> **Brief**
The data that follows is to be copied exactly, with each image removed.

> **Data shown**
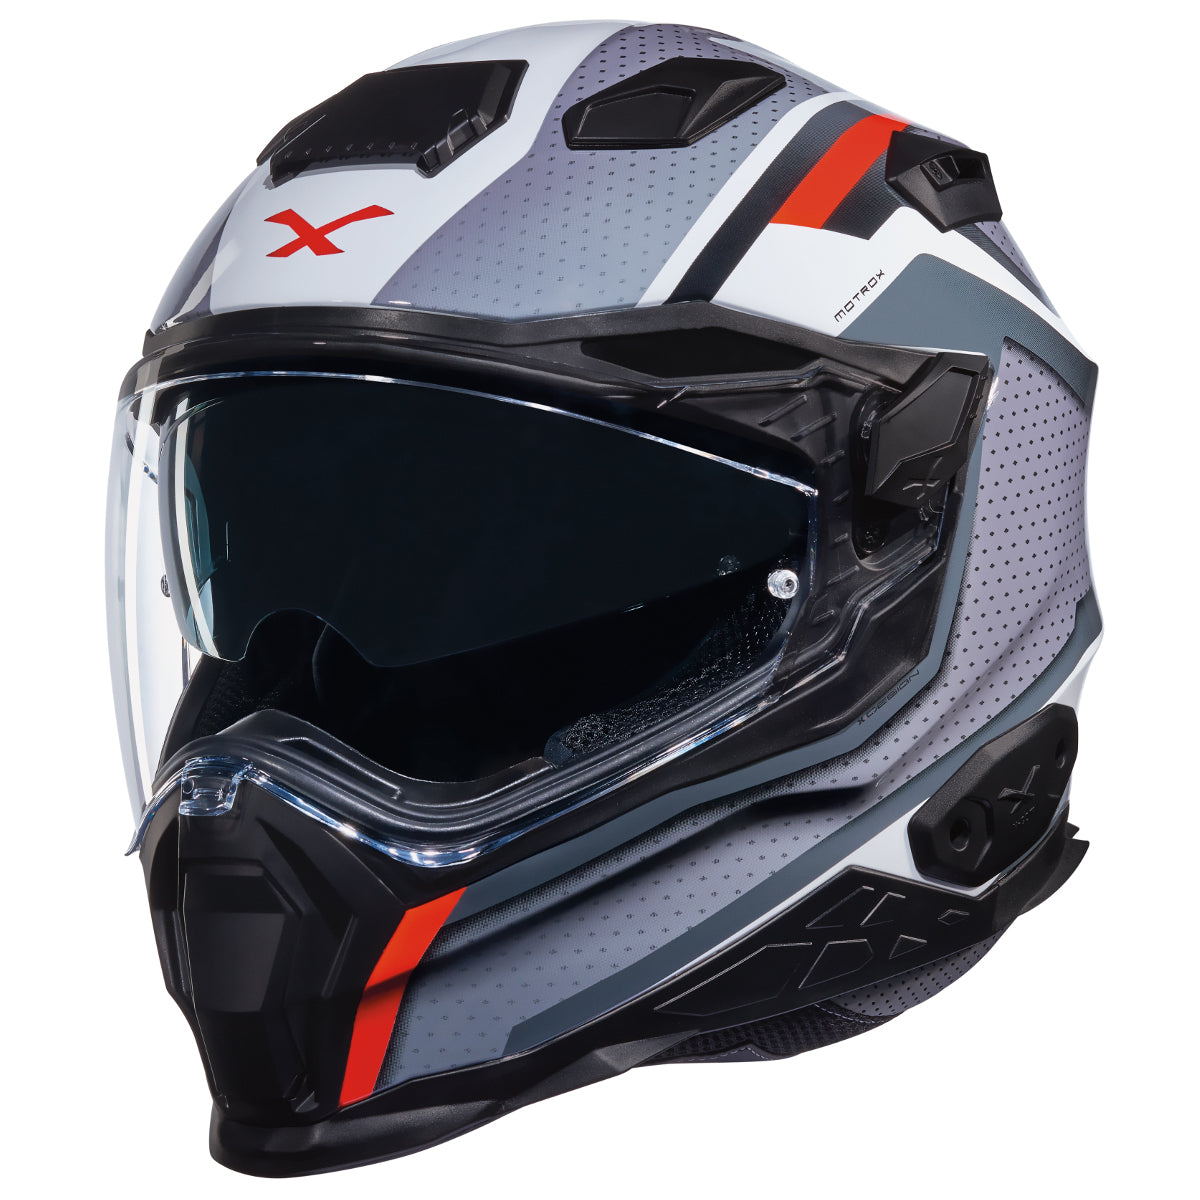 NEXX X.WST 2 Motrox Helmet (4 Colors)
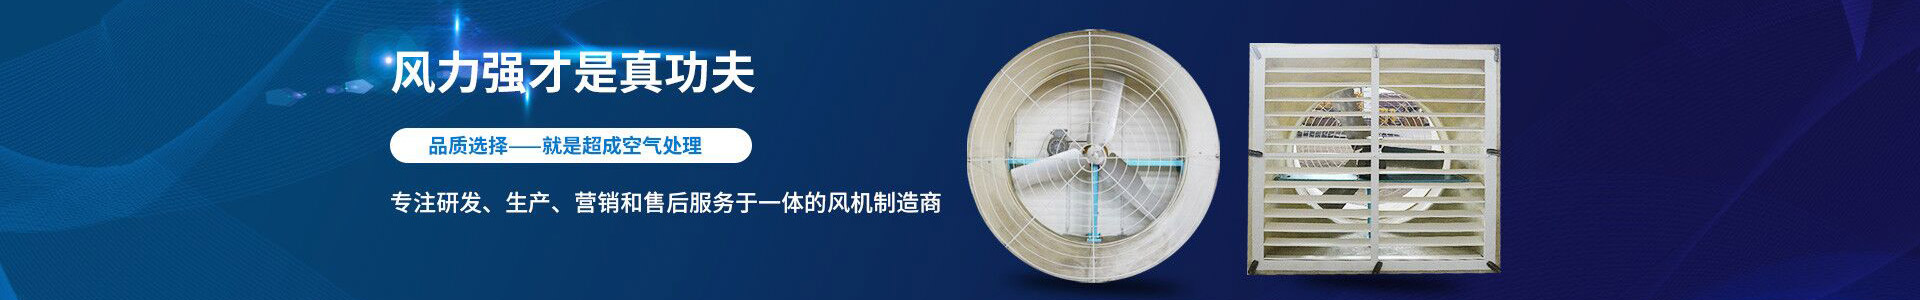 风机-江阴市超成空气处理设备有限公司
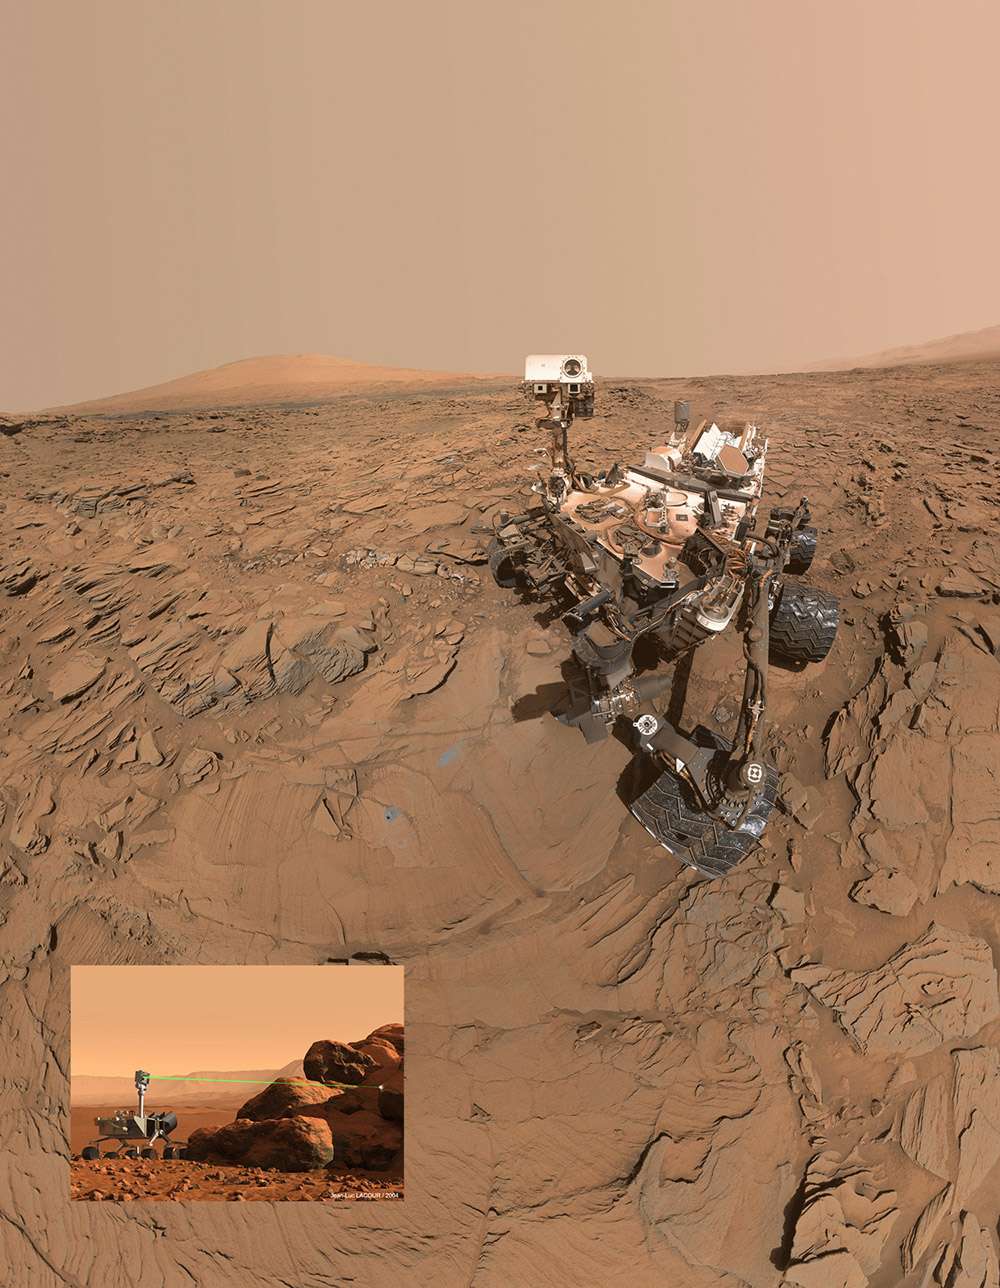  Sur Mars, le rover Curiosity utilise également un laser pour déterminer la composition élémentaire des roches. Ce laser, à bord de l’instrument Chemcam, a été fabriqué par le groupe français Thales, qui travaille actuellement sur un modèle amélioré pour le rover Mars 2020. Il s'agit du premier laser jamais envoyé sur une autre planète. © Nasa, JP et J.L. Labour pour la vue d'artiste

> **Written response**
 NEXX X.WST 2 Motrox Helmet (4 Colors)
 风机-江阴市超成空气处理设备有限公司
  Sur Mars, le rover Curiosity utilise également un laser pour déterminer la composition élémentaire des roches. Ce laser, à bord de l’instrument Chemcam, a été fabriqué par le groupe français Thales, qui travaille actuellement sur un modèle amélioré pour le rover Mars 2020. Il s'agit du premier laser jamais envoyé sur une autre planète. © Nasa, JP et J.L. Labour pour la vue d'artiste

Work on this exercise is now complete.